Multimodal Linking Visual Insecurity

Description: Multimodal Entity Linking (MEL) systems, encompassing both traditional dual-encoder models and Multimodal Large Language Models (MLLMs), are vulnerable to gradient-based white-box adversarial attacks. By applying imperceptible perturbations to visual inputs via Projected Gradient Descent (PGD), Auto-PGD (APGD), or Carlini & Wagner (CW) methods, an attacker can manipulate the visual embeddings generated by the model. This manipulation disrupts the cross-modal alignment structure, causing the model to incorrectly link visual content to unrelated entities in a knowledge base during Image-to-Text (I2T) and Image+Text-to-Text (IT2T) tasks. The vulnerability stems from the models' reliance on visual inputs that lack sufficient robustness against noise when textual context is absent or insufficient.

Examples: The vulnerability is reproducible using the specific adversarial generation parameters and dataset provided by the researchers.

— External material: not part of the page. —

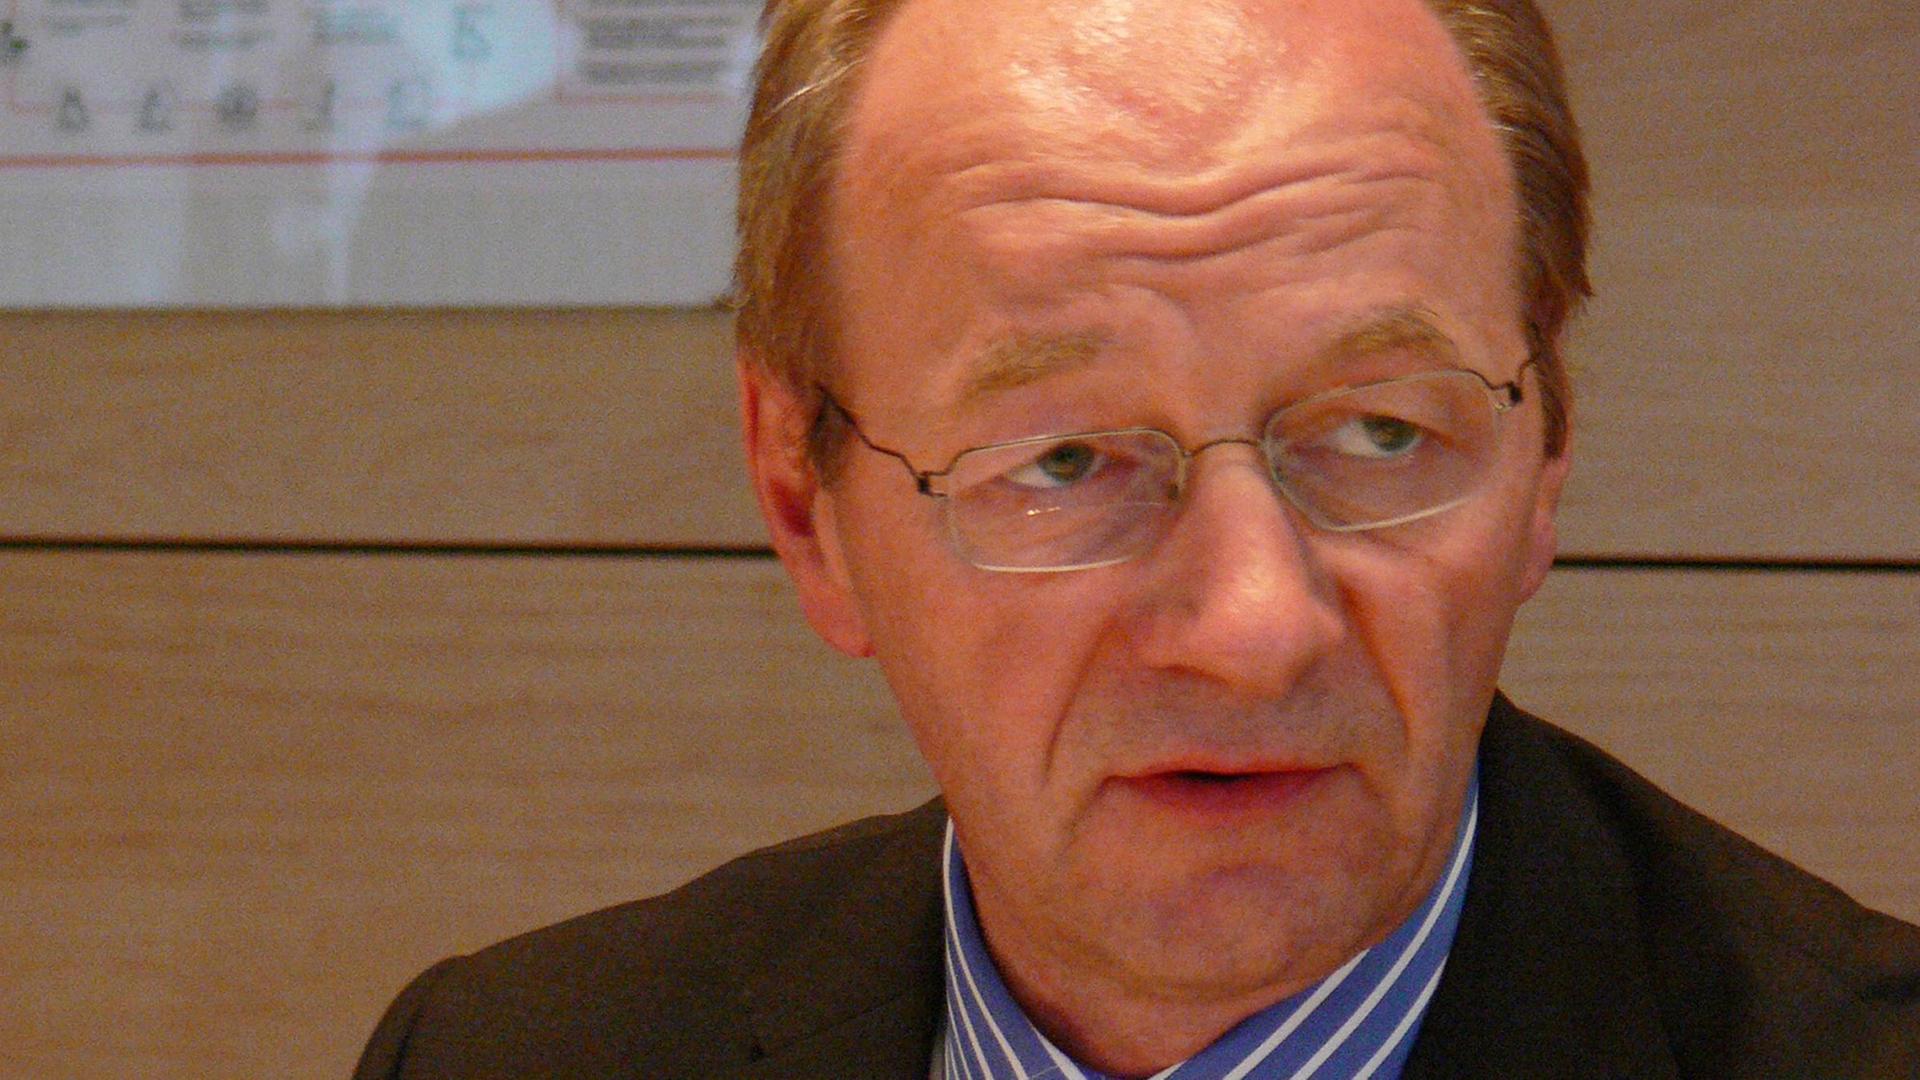 Josef Janning vom European Council on Foreign Relations auf einer Aufnahme aus dem Jahr 2008.

• Repository: See https://anonymous.4open.science/r/MEL-Robustness-90A5 for the MEL adversarial example dataset constructed on Wikidata-MEL, Richpedia-MEL, WikiDiverse, WIKIPerson, and M3EL.
• Attack Vector Implementation: To reproduce the attack, the adversary calculates the gradient of the loss function with respect to the input image pixels:

1. PGD/APGD: Maximize the Cross-Entropy loss between the model logits and the ground-truth label, constrained by an $L_{\infty}$ ball. $$ \max_{|\delta|_{\infty}\leq\epsilon}\mathcal{L}(f(x+\delta),y) $$ (Where $\epsilon=8/255$ for Normal attacks and $\epsilon=0.2$ for Strong attacks).
2. CW Attack: Minimize the sum of the $L_2$ distance of the perturbation $\delta$ and the objective function $f$.
3. Result: In the case of Qwen2.5-VL on the WIKIPerson dataset, a CW-Strong attack results in a 35.8% drop in linking accuracy.

Impact:

• Entity Misidentification: Successful attacks cause the system to link visual subjects to incorrect knowledge graph entities (e.g., misidentifying a specific person or object).
• Downstream Corruption: Compromises systems relying on MEL for Knowledge-Enhanced Question & Answering (QA), Image-Text Retrieval, and Open-Domain Entity Alignment.
• Model Instability: High susceptibility to visual noise leads to unpredictable behavior in real-world deployments where image quality varies.

Affected Systems:

• Traditional MEL Models: ALIGN, BLIP, CLIP, FLAVA, OWL-ViT, SigLIP.
• Multimodal Large Language Models (MLLMs): LLaVA (based on LLaMA/Vicuna), Qwen2.5-VL, MiniGPT-4.

Mitigation Steps:

• Implement LLM-RetLink (LLM and Retrieval-Augmented Entity Linking): Adopt a two-stage architecture that integrates Large Vision Models (LVMs) with web-based dynamic retrieval.
• Extract Explicit Descriptors: Use LVMs to automatically extract word-level entity descriptors (e.g., "apple", "fruit") from input images to serve as query cues, reducing reliance on raw visual embeddings.
• Retrieval-Augmented Context: Dynamically query external knowledge bases (e.g., Wikidata, Wikipedia) to obtain sentence-level descriptions associated with candidates.
• LLM-Based Disambiguation: Feed the retrieved content into an LLM to perform semantic matching between candidates and context, rather than relying on static entity descriptions or pure visual alignment.
• Contextual Integration: Ensure textual information is incorporated alongside visual input, as experimental results indicate that contextual semantic information partially mitigates the impact of visual perturbations.